Horatius Bonar, had a passionate heart for revival and was a friend and supporter of several revivalists, He was brother to the more well-known Andrew Bonar, and with him defended D. L. Moody's evangelistic ministry in Scotland. He authored a couple of excellent revival works, one including over a hundred biographical sketches and the other an addendum to Rev. John Gillies' 'Historical Collections...' bringing it up to date.
He was a powerful soul-winner and is well qualified to pen this brief, but illuminating study of the character of true revivalists.
Horatius was in fact one of eleven children, and of these an older brother, John James, and a younger, Andrew, also became ministers and were all closely involved, together with Thomas Chalmers, William C. Burns and Robert Murray M'Cheyne, in the important spiritual movements which affected many places in Scotland in the 1830s and 1840s.
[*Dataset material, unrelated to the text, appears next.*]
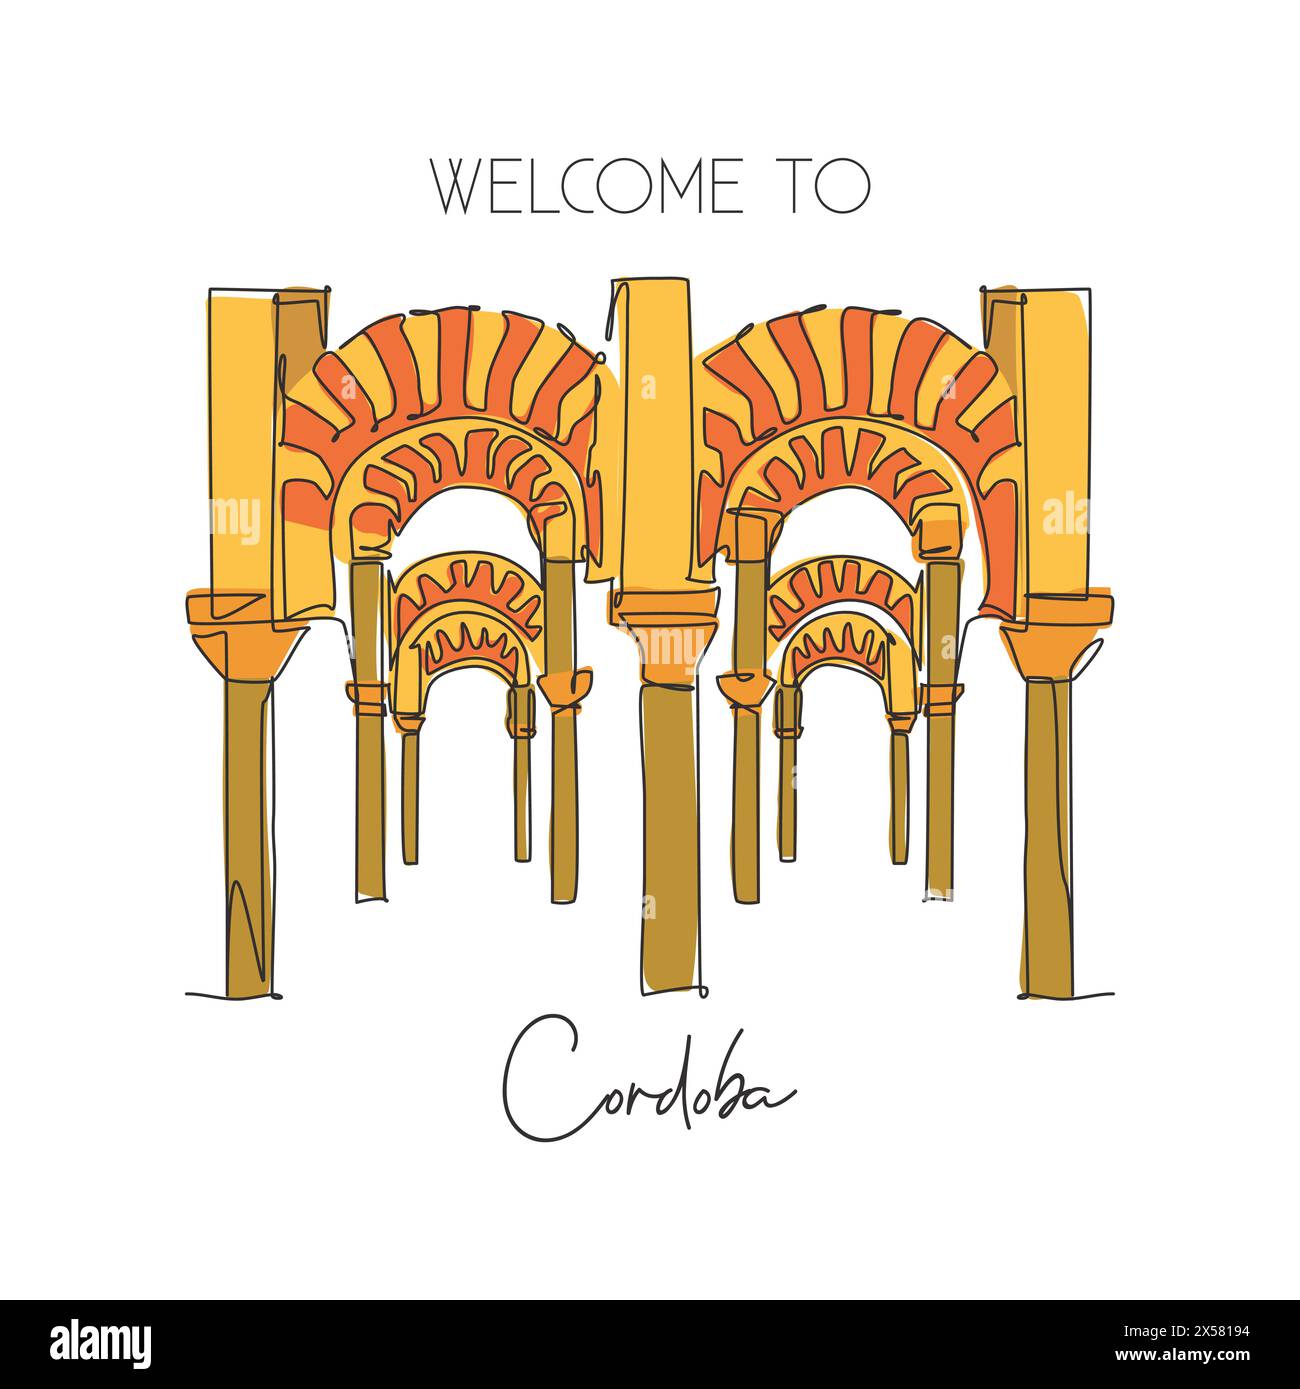 One continuous line drawing Cordoba Mosque or Mezquita landmark. Beautiful place at Andalusia, Spain. Holiday vacation wall decor poster art concept. Stock Vector

In the controversy known as the "Great Disruption," Horatius stood firmly with the evangelical ministers and elders who left the Church of Scotland's General Assembly in May 1843 and formed the new Free Church of Scotland. By this time he had started to write hymns, some of which appeared in a collection he published in 1845, but typically, his compositions were not named. His gifts for expressing theological truths in fluent verse form are evident in all his best-known hymns, but in addition he was also blessed with a deep understanding of doctrinal principles.
Examples of the hymns he composed on the fundamental doctrines include, "Glory be to God the Father".....on the Trinity. "0 Love of God, how strong and true".....on Redemption. "Light of the world," - "Rejoice and be glad" - "Done is the work" on the Person and Work of Christ. "Come Lord and tarry not," on His Second Coming, while the hymn "Blessed be God, our God!" conveys a sweeping survey of Justification and Sanctification.
In all this activity, his pastoral work and preaching were never neglected and after almost twenty years labouring in the Scottish Borders at Kelso, Bonar moved back to Edinburgh in 1866 to be minister at the Chalmers Memorial Chapel (now renamed St. Catherine's Argyle Church). He continued his ministry for a further twenty years helping to arrange D.L. Moody's meetings in Edinburgh in 1873 and being appointed moderator of the Free Church ten years later. His health declined by 1887, but he was approaching the age of eighty when he preached in his church for the last time, and he died on 31 May 1889.